Tsunoda loves the Wii, but not that much

Microsoft's Kinect E3 unveiling - complete with an impressive but ultimately head-scratching performance by the world-famous Cirque du Soleil - may have raised more questions than answers but that hasn't stopped the shade-wearing Kudo Tsunoda - Kinect's creative director - from mouthing-off about how fantastic and revolutionary it is.

Speaking at a special Microsoft-organised event during E3, Tsunoda had this to say:

"There is a promise in the Wii that is very hard to deliver in any kind of controller-based stuff. Even their very first E3 demos that came out - and you're playing tennis, and everybody's up and you're going like this and you're playing tennis and it's awesome, look at that!

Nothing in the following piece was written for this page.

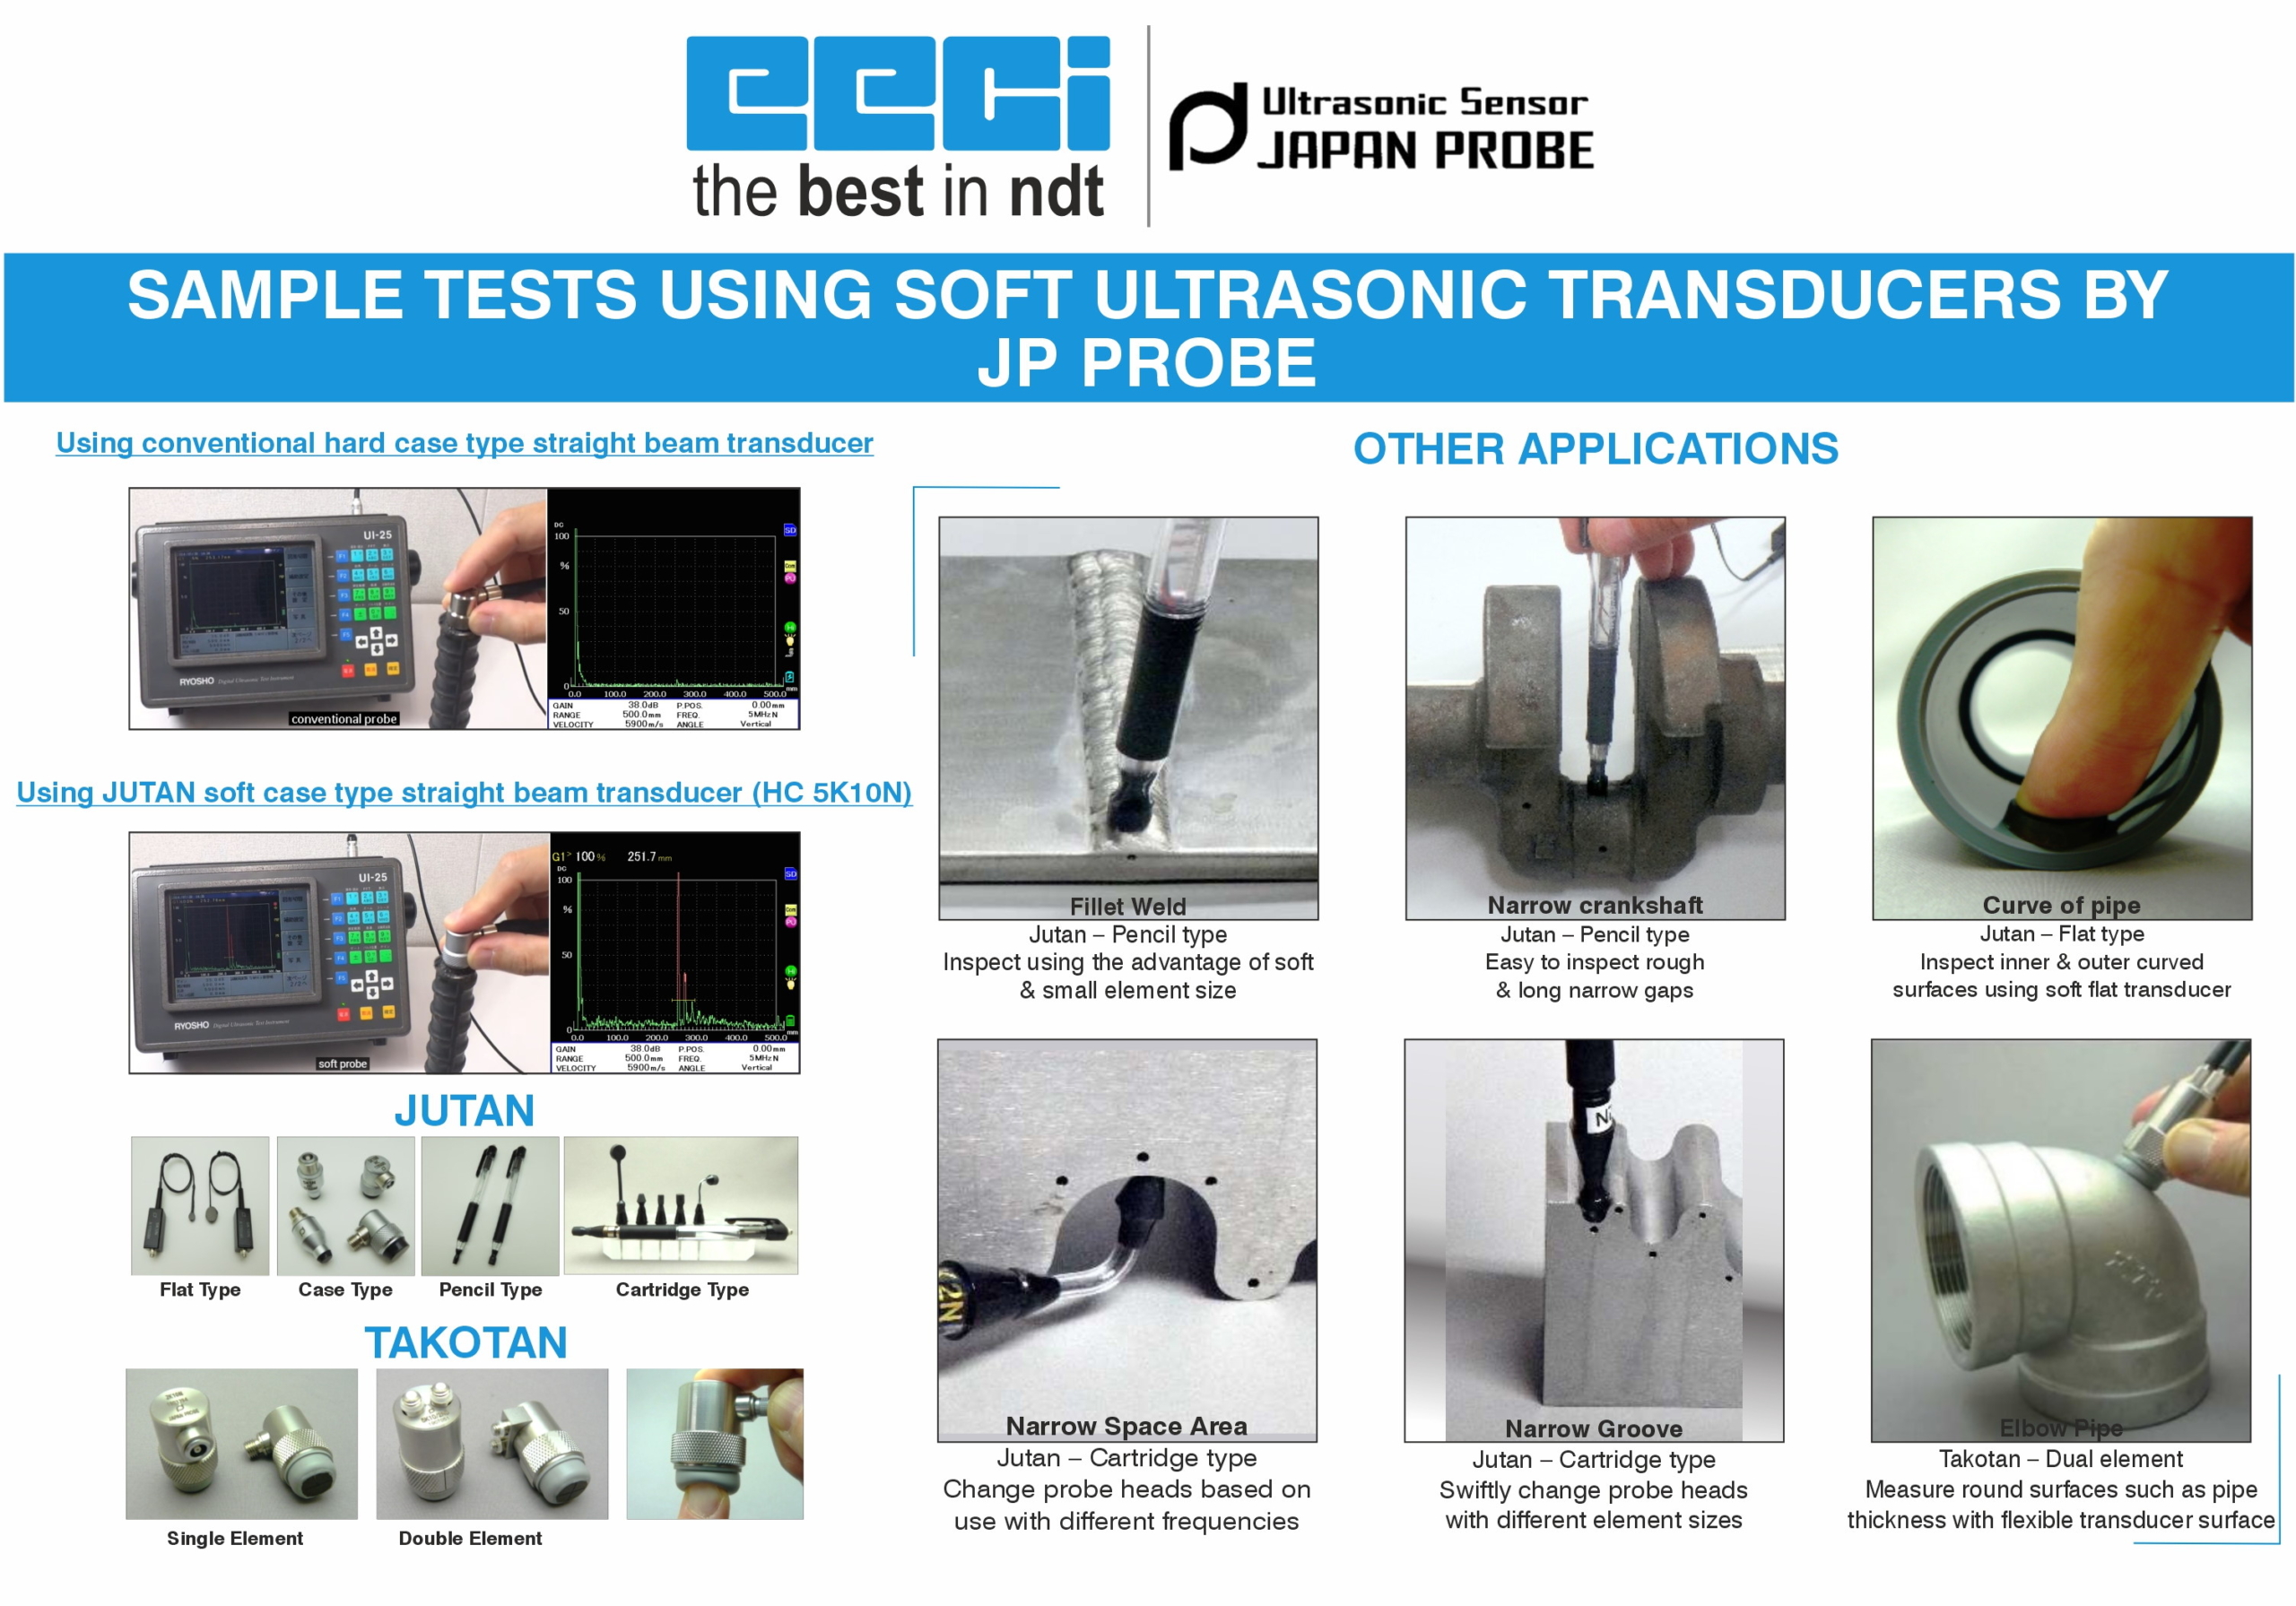 SAMPLE TESTS USING SOFT ULTRASONIC TRANSDUCERS BY JP PROBE

Anybody who watches those things getting played, you're just sitting here doing your little thing like this [does small movements with wrist]. That's how controller-based games are played.

Nothing against the Wii, because I like playing the Wii, I like Wii games, and it's a great system, but I do think there is some unfulfilled promise there."

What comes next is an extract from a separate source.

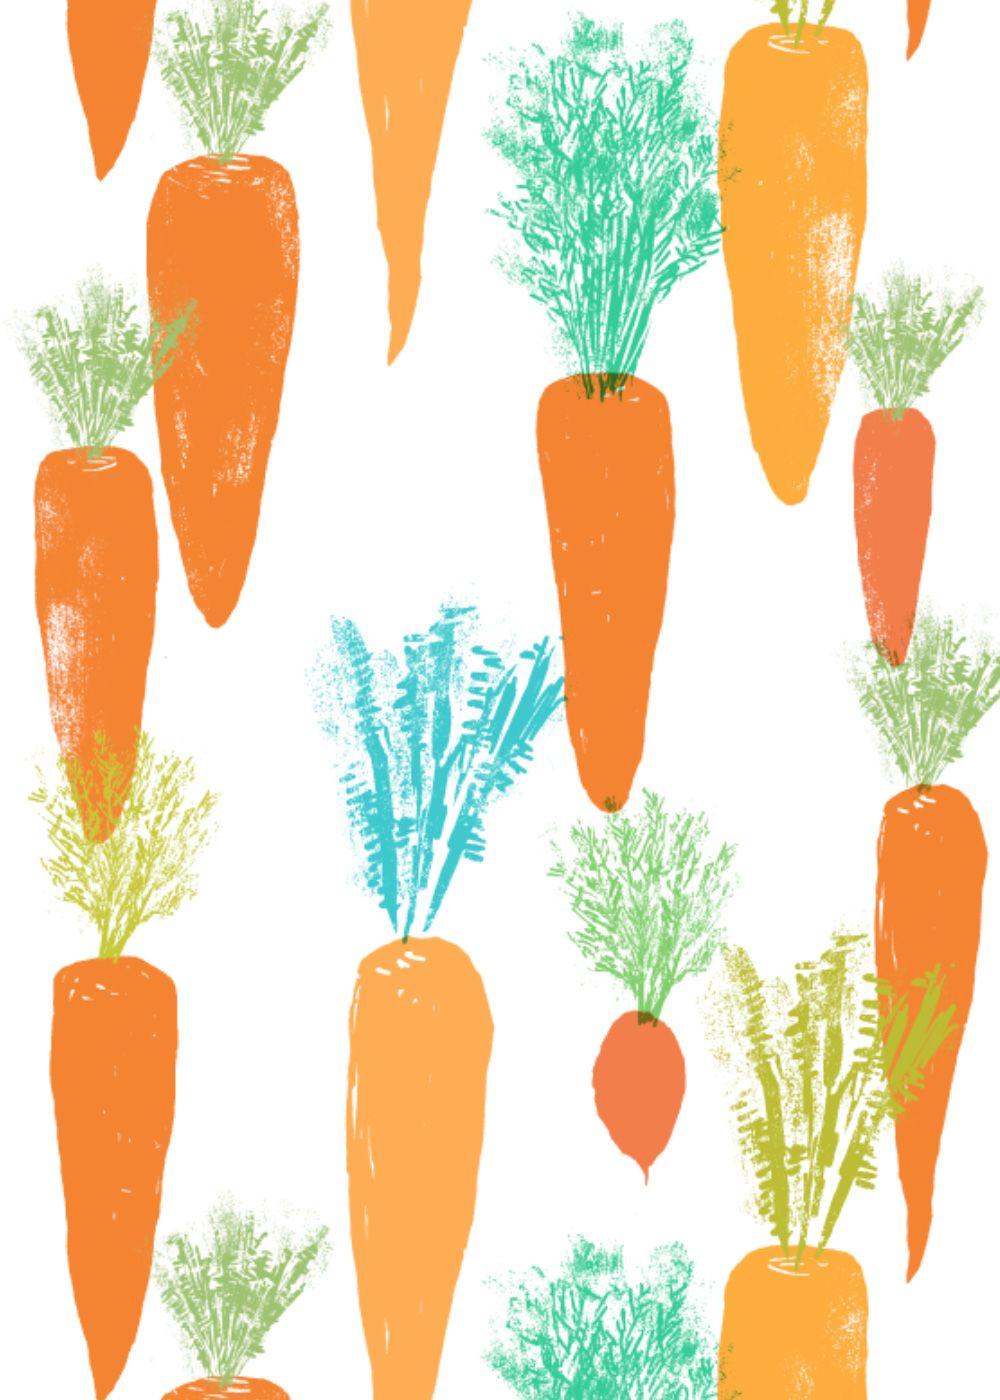 carrot fabric/ wallpaper / wrapping paper pattern design

When asked if Kinect therefore represented a step up from Nintendo's motion technology, Tsunoda replied:

"I don't really see Kinect so much as a successor to the Wii at all, because there's just so much more that we can do with our technology. Obviously the full body tracking is so much different than tracking two points in your hands of a controller.

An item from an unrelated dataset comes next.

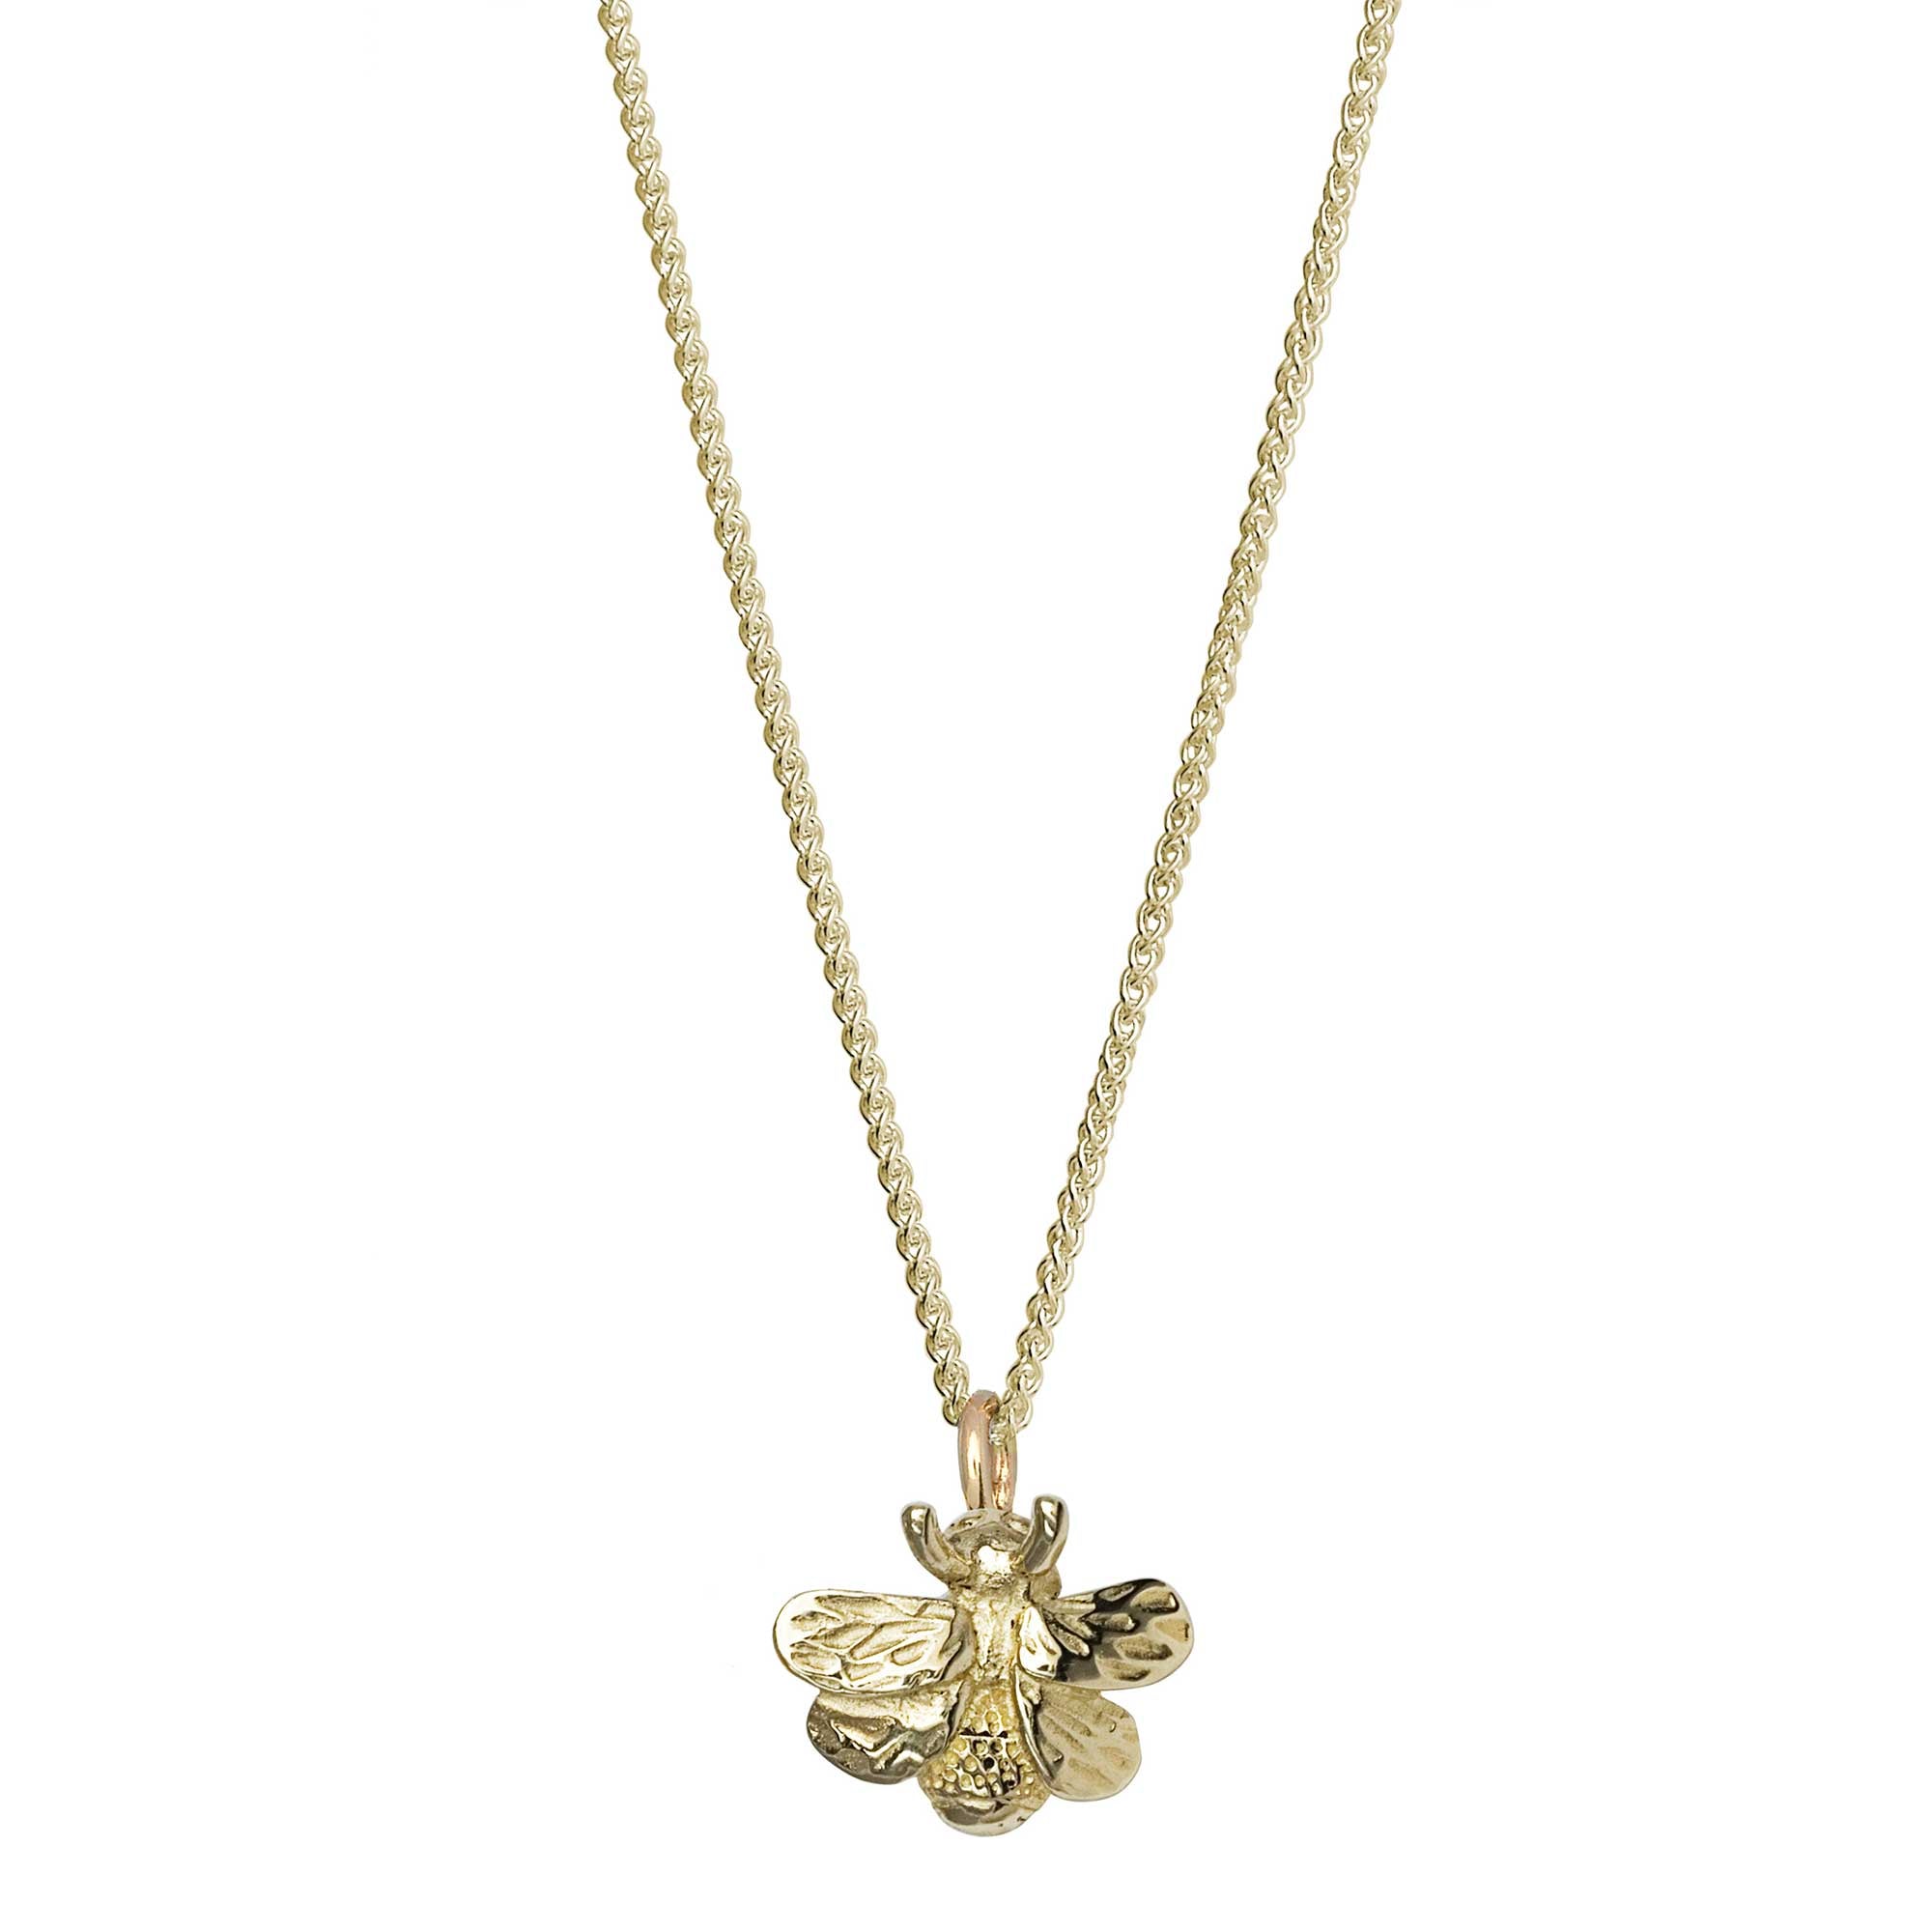 Solid gold bumble bee necklace recycled gold made in UK Scarlett Jewellery

Somebody says, well, hey, is it a successor to the Wii, or is it an evolution of the Wii? Not really. If all we did was the full body tracking, and we said, okay well, look, you can do stuff with your hands, but now you can do stuff with your full body...but really Kinect is so much more than that. You have the full body controls, the voice technology, the human recognition stuff.

Not even just talking about the Wii, but where else can you do that in any medium? Really, there's nothing that's delivering that type of experience anywhere in the world."

He certainly has a point, but what was shown during Microsoft's lukewarm E3 keynote did little to reassure gamers that Kinect really is the next big thing.